[TRY IT]: Extract, exactly and without pictures, every line from the one that includes "Drapeau du Royaume-Uni, drapeau" through the final line of the material below.

[SUPPLIED MATERIAL]:

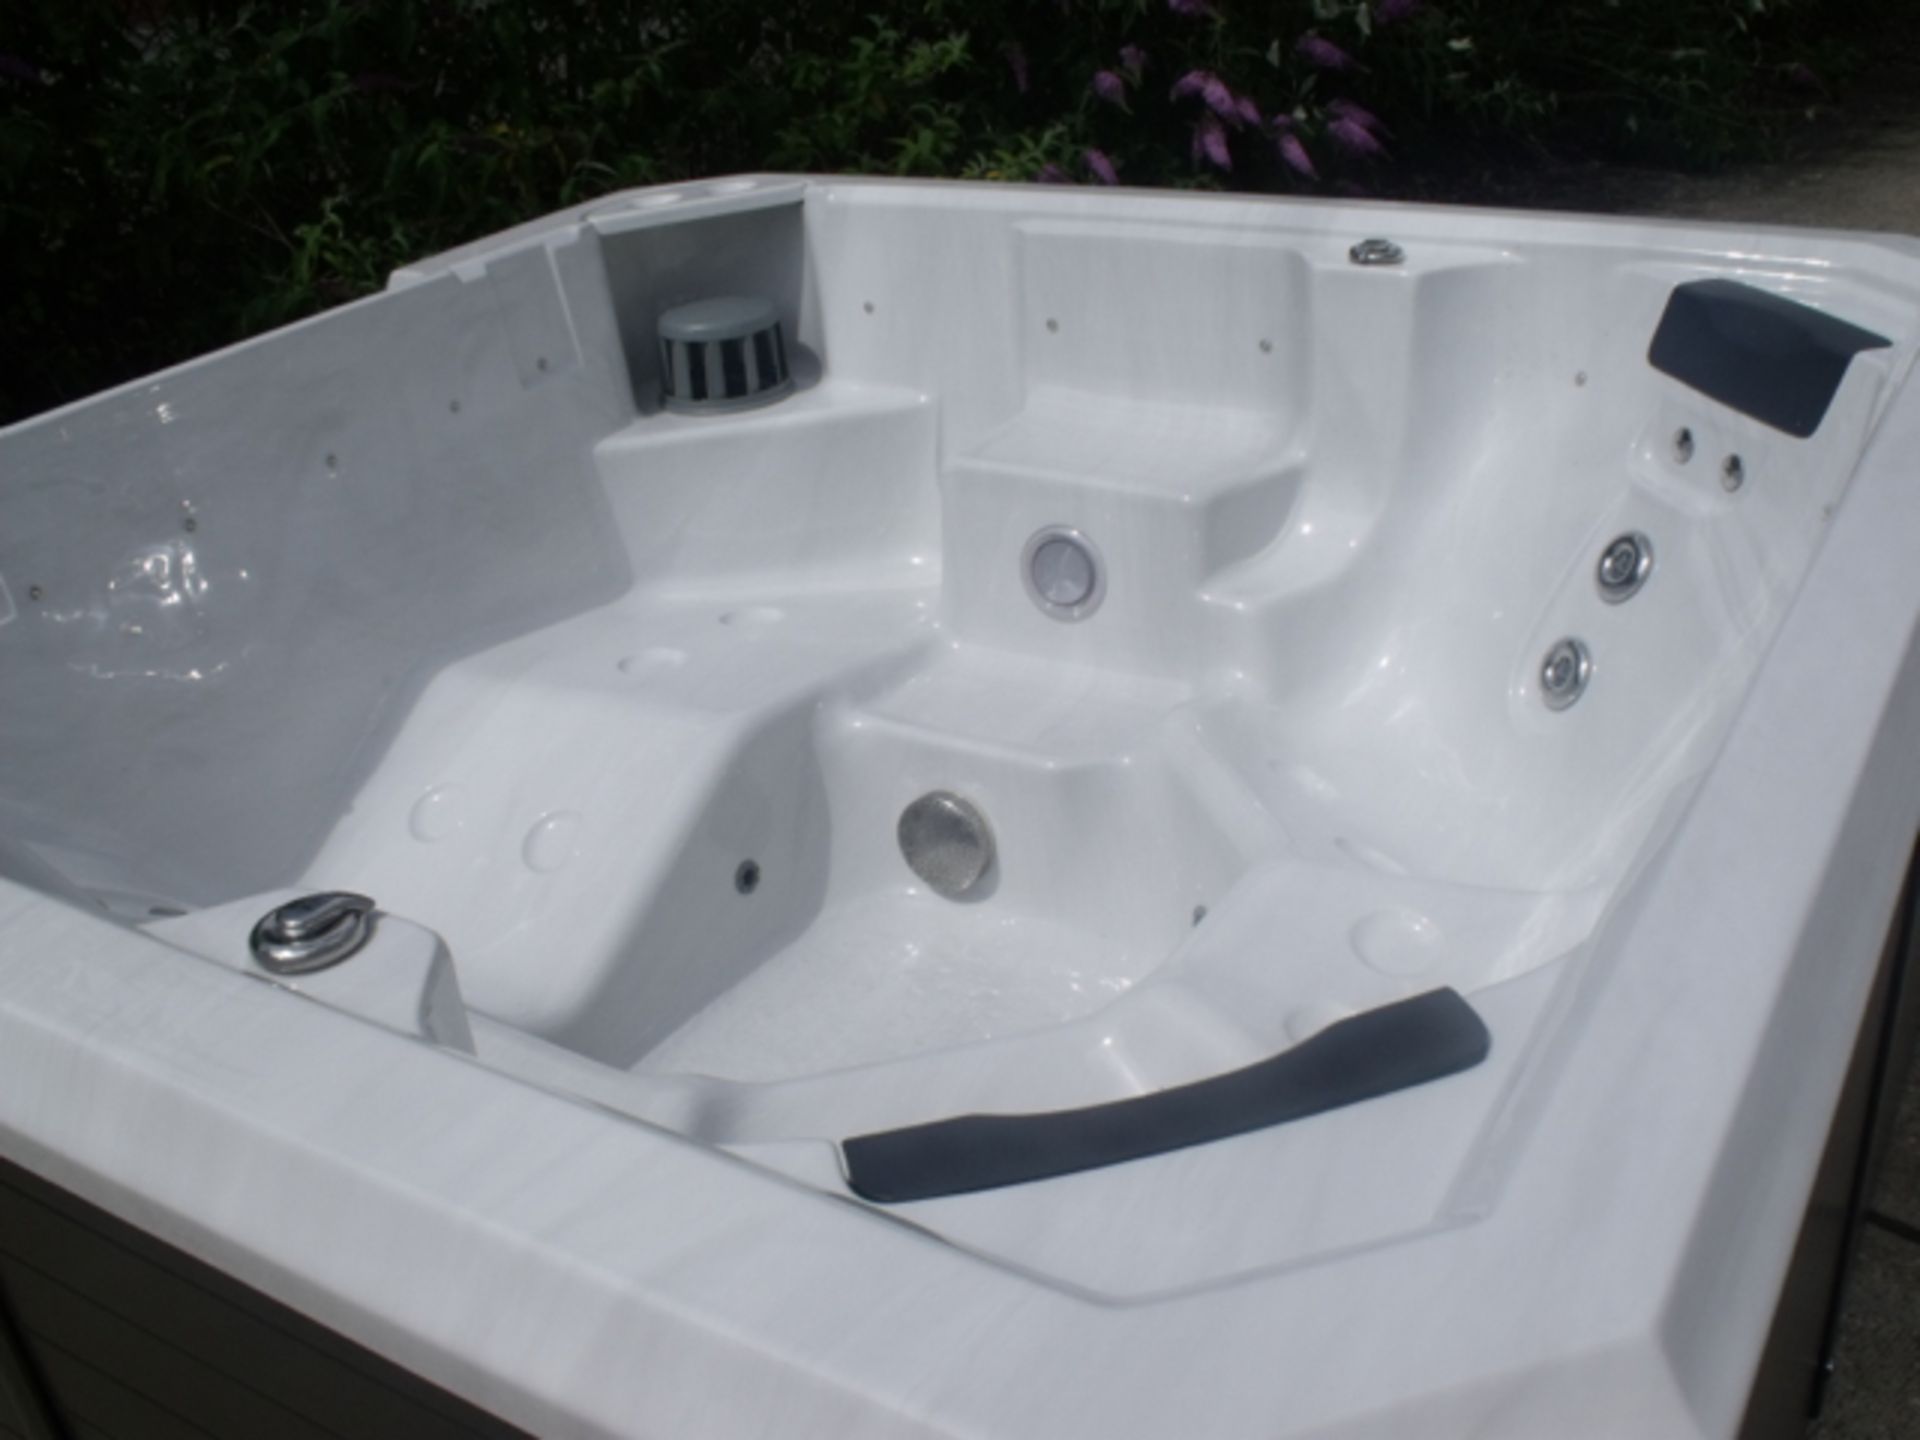 Brand New 2015 Executive Range Hot Tub. - Image 2 of 8
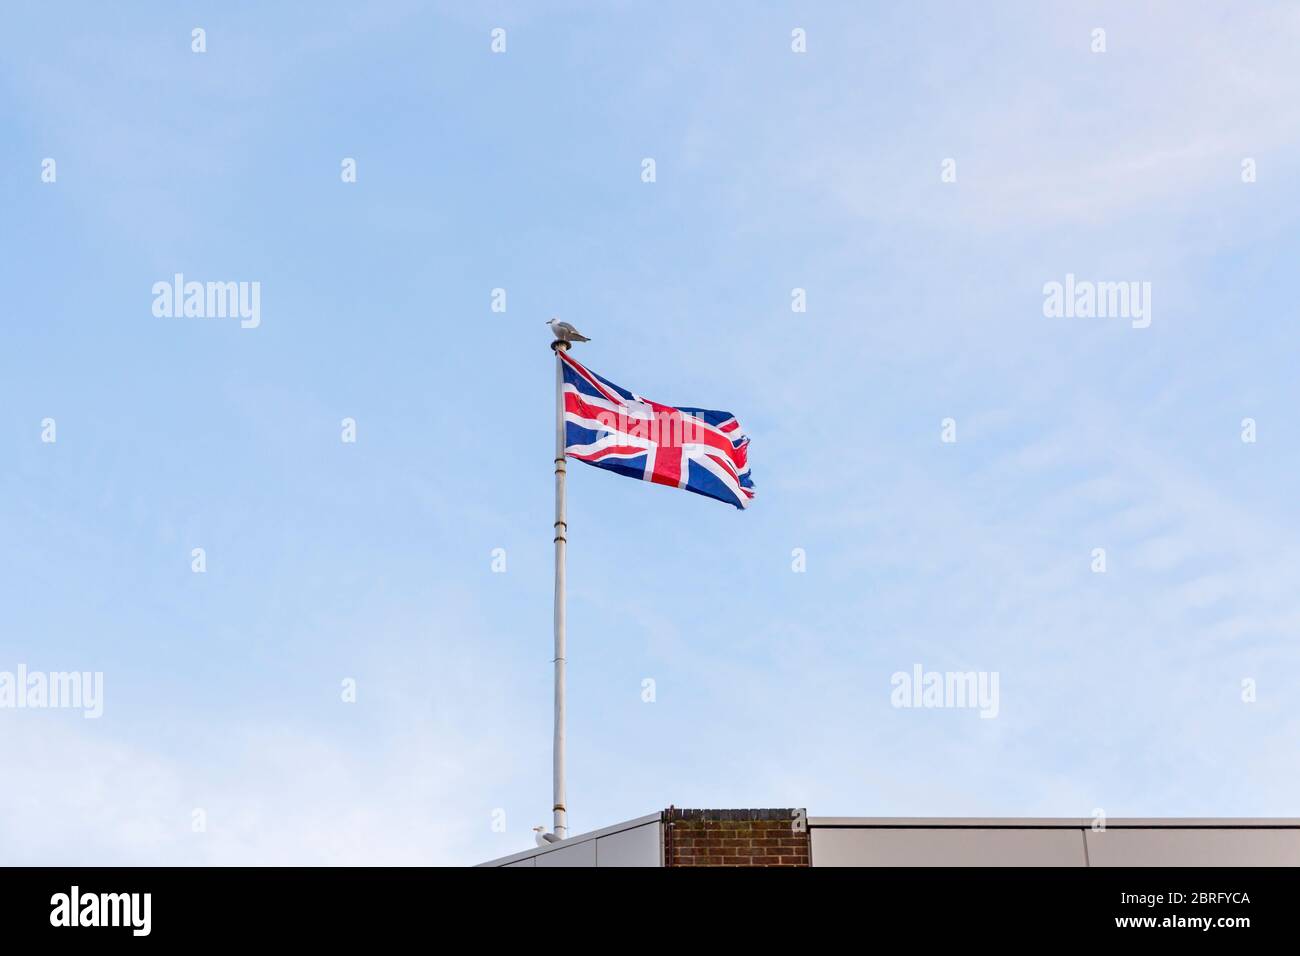 Drapeau du Royaume-Uni, drapeau d'Angleterre brodé sur le ciel bleu sur le toit d'un bâtiment. Banque D'Images
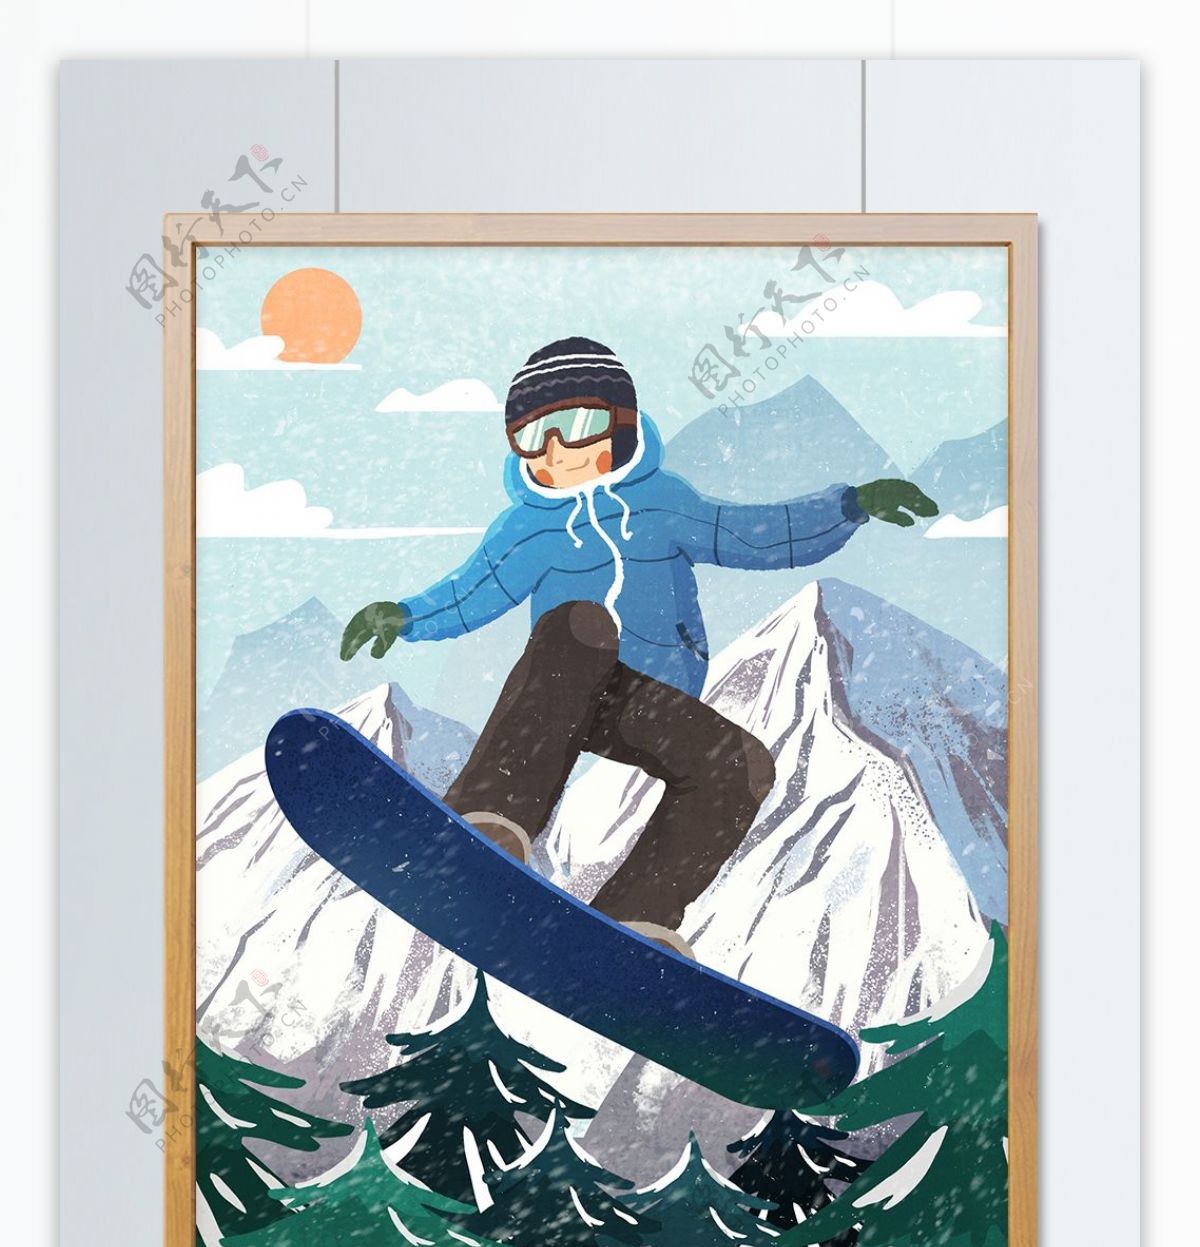 少年山中滑板滑雪肌理写实原创手绘插画

[REPLY]:
 Drapeau du Royaume-Uni, drapeau d'Angleterre brodé sur le ciel bleu sur le toit d'un bâtiment. Banque D'Images
 少年山中滑板滑雪肌理写实原创手绘插画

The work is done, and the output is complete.